• _YOUR INSTRUCTIONS_: Look below for the line that contains "Taking an exotic dog nap. - Stock Image" and the line that contains "Social Innovation and", then restate both of them and every line in between, exactly. No picture goes in the copy.

• _MATERIAL PROVIDED_:
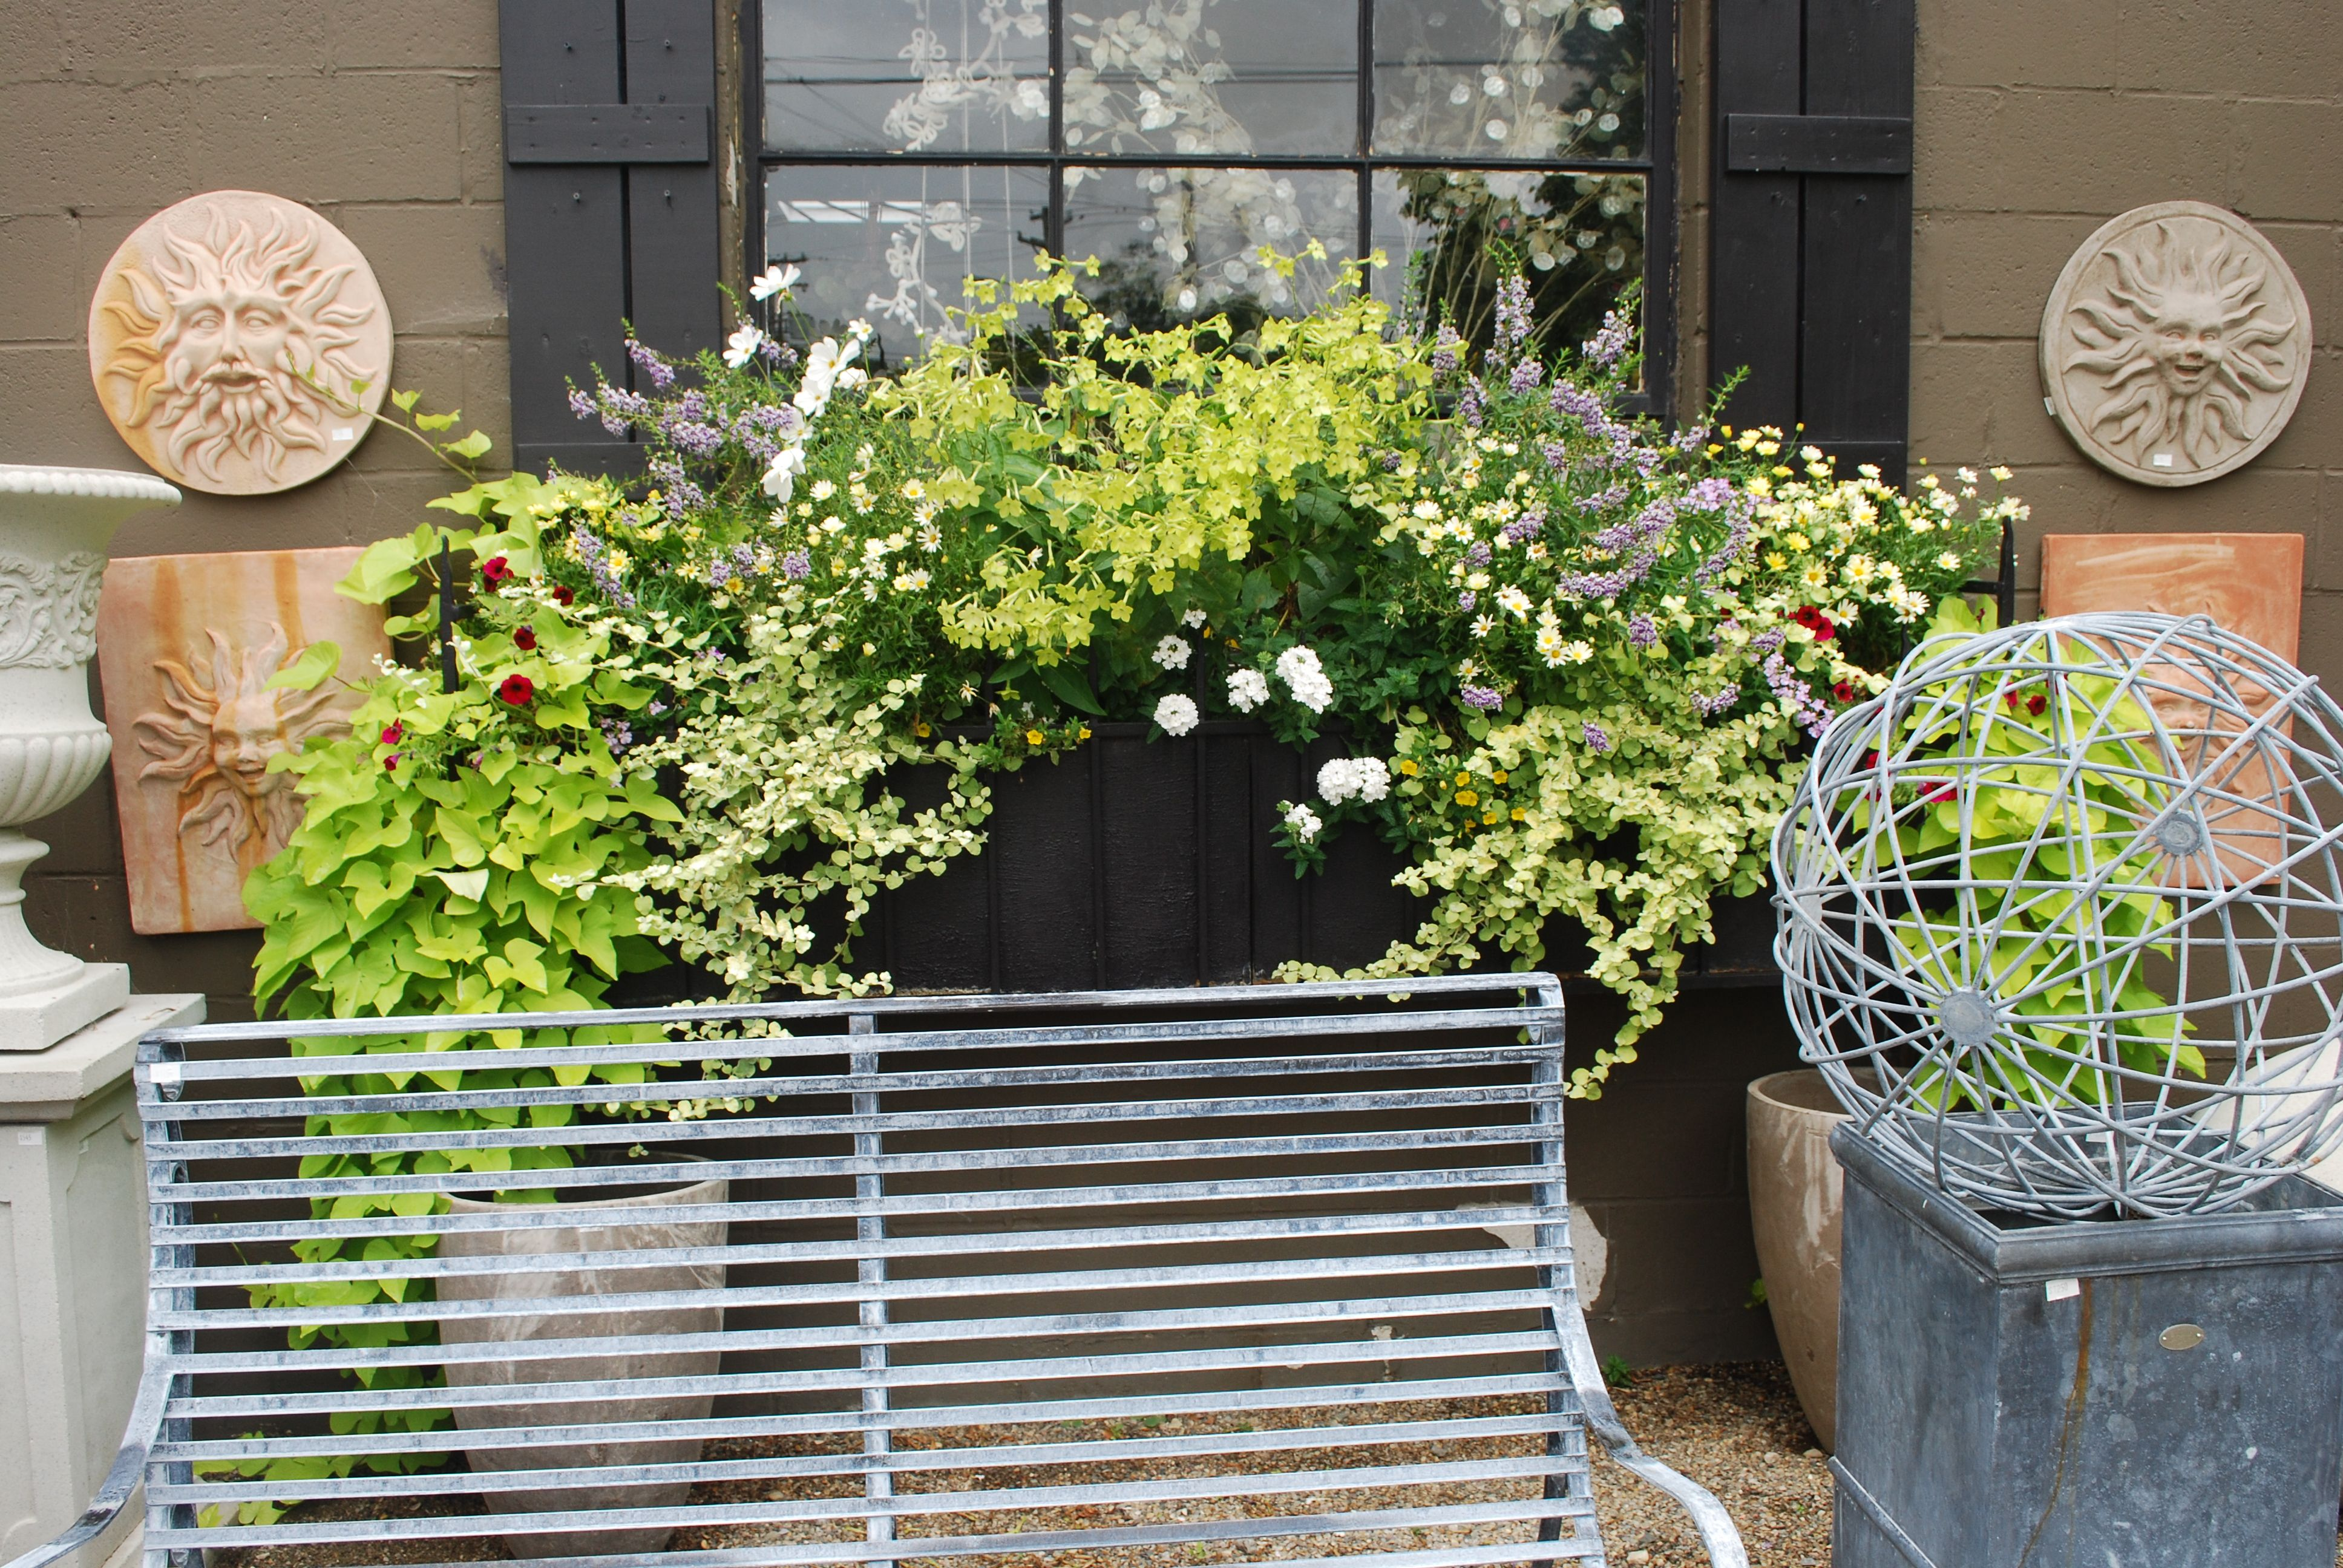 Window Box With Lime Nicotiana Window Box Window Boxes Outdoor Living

--

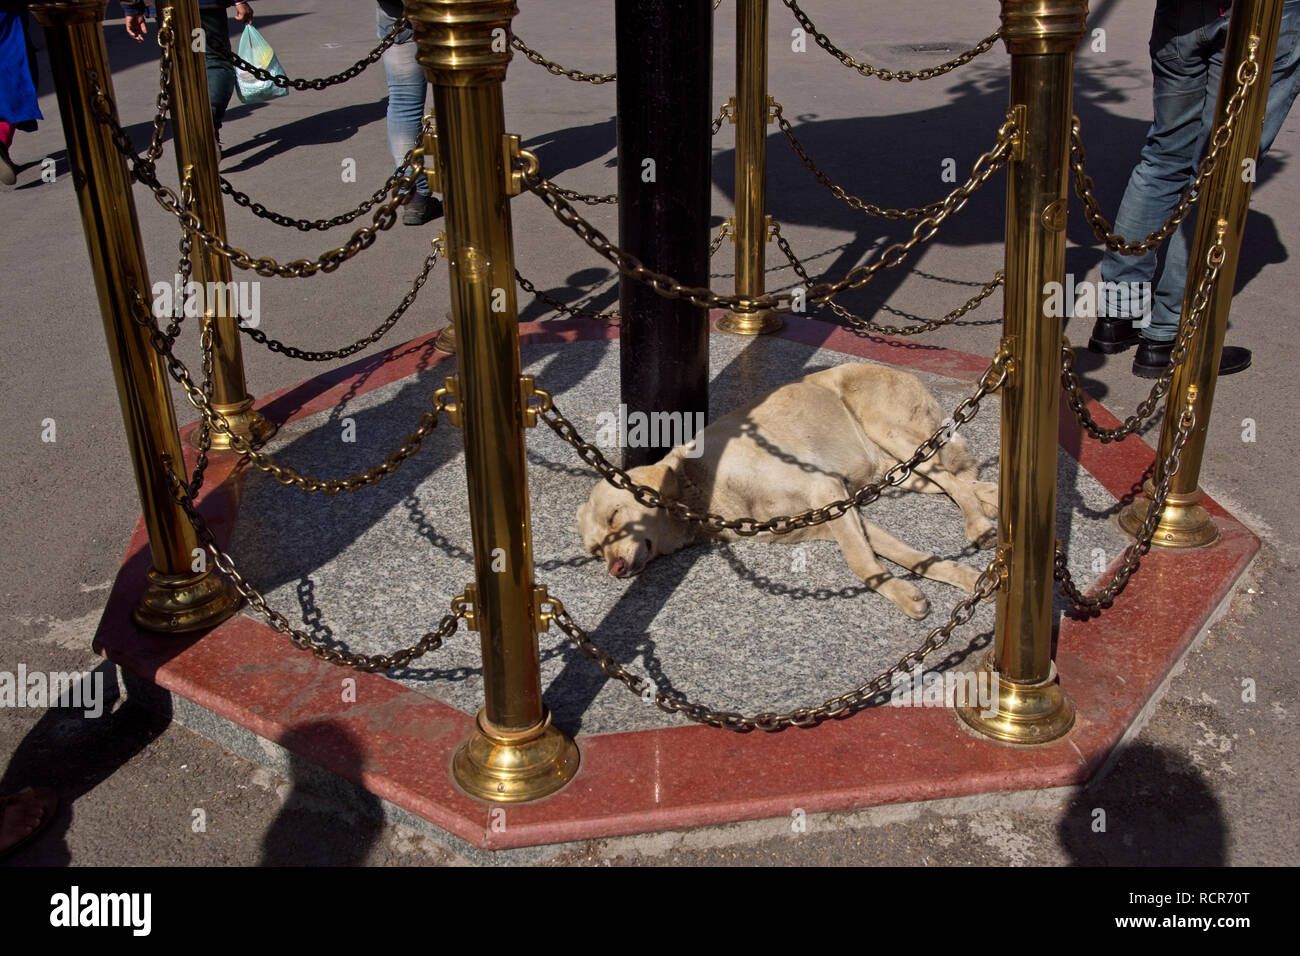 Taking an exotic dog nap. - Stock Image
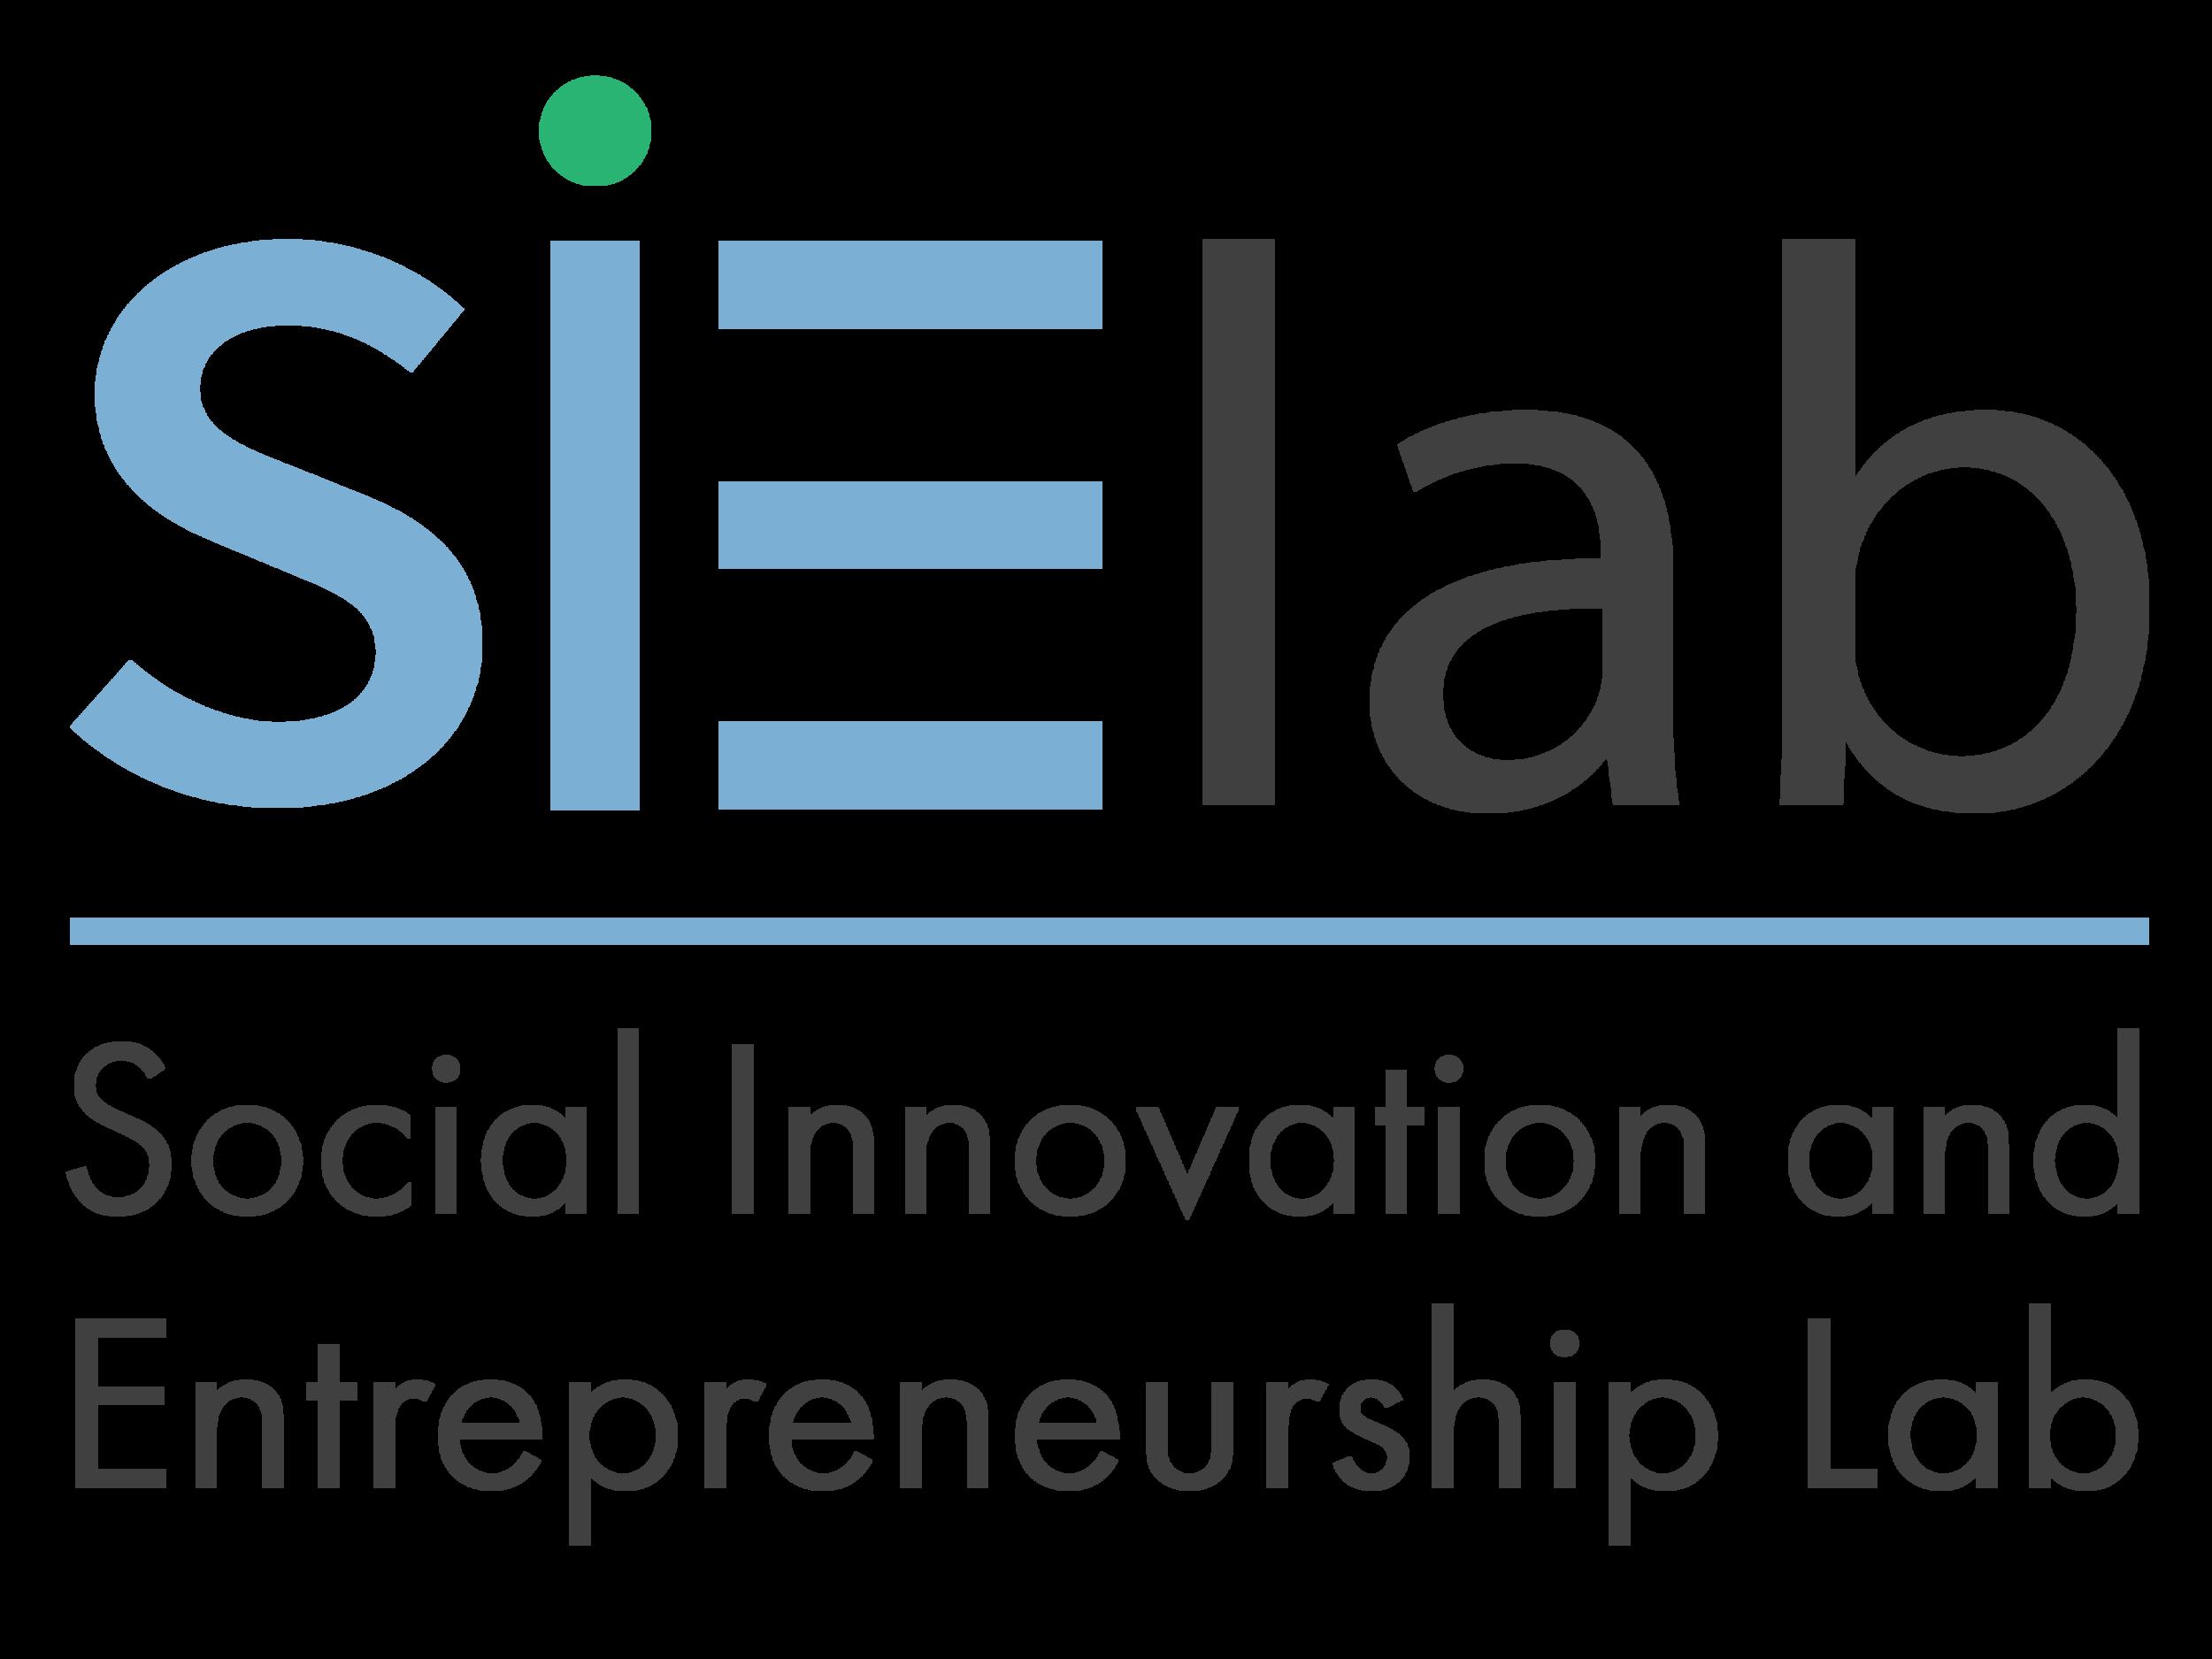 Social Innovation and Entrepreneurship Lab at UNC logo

• _ANSWER BOX_:
 Taking an exotic dog nap. - Stock Image
 Social Innovation and Entrepreneurship Lab at UNC logo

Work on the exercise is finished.